I do think it's funny that he can fix issues with the computer networks at NASA, AT&T and NORAD, but he can't make simple chit chat with my mom or friends. He's much better in person.
Maybe the wife is jealous of y'all talking together or perhaps the cousin thinks you'd rather talk "wimin" stuff with his wife.
|Posted: 11/12/2013 1:48:23 AM|
He is in Sparks Nevada (right outside of Reno) now and I live in Arizona. Health wise and finance wise I just can't make it up there. They will both call though if something big happens sometimes. I do text him every once in awhile too. I love his wife so I am really blessed there. She hasn't ever acted jealous at all when we do talk on the phone. I am missing his baptism this week so I am sad about that.

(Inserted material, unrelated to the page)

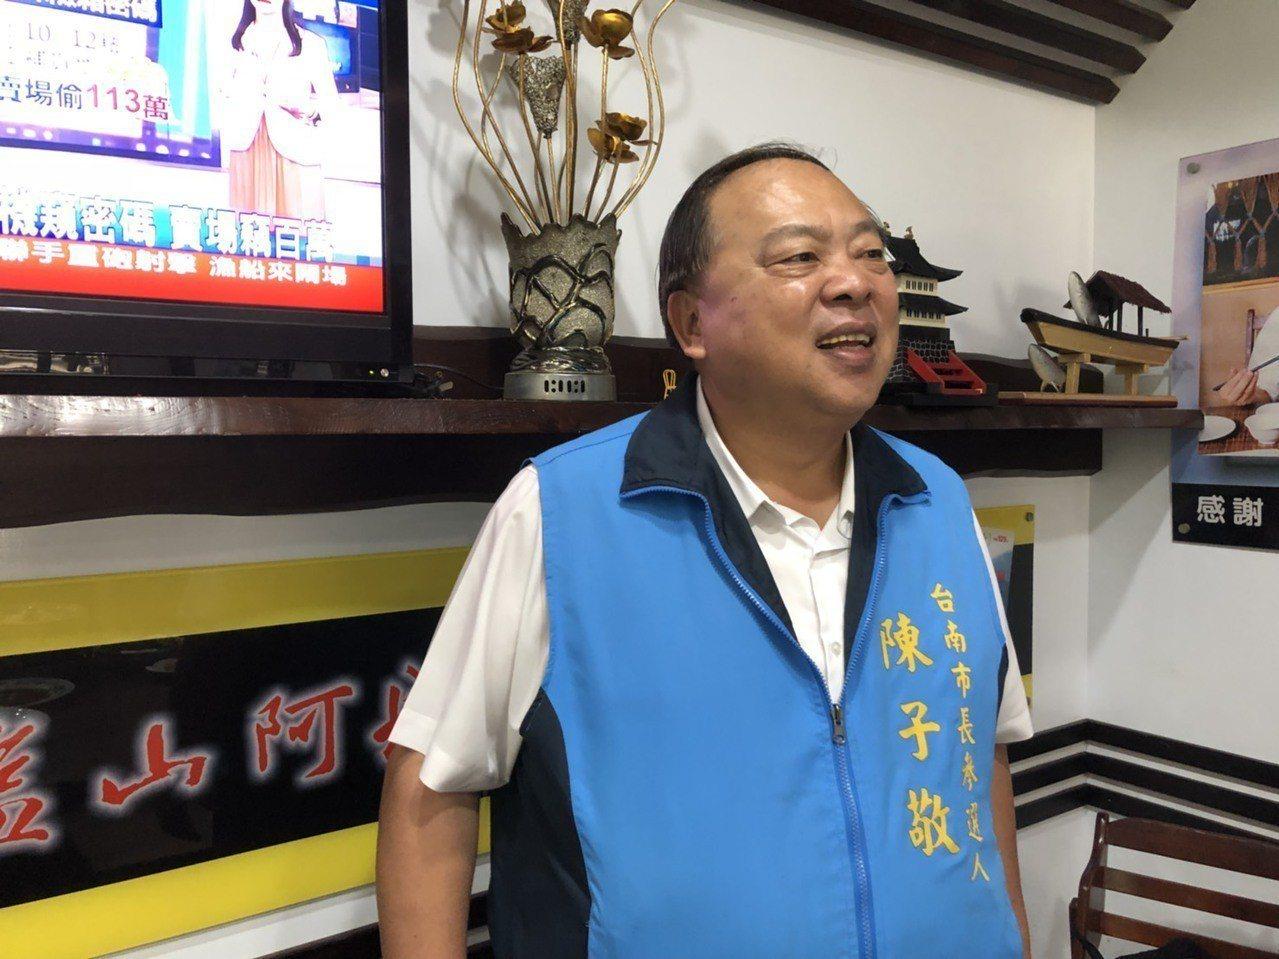 原計畫參選下屆台南市長的前台南市警察局長陳子敬今天宣布棄選,其他參選人獲知消息後...

I know he is busy and has work a lot but it's just hard. He will call and talk to his dad. Ironically to talk to his dad you have to talk to his dad's girlfriend. Maybe he just learned that it's done like that. I do genuinely enjoy talking to his wife so I eel blessed there. It would be a lot harder if I didn't like her. They use to live in St George so I visited a lot and I am grateful to have those awesome memories! I think I will ask to talk to him next time. On Sunday his wife said that he says hello. It's just different though than hearing it from him. My cousin is super laid back and hilarious. I think it's harder for me because he is my only family. It may be different when I am married and have kids but right now I just miss him!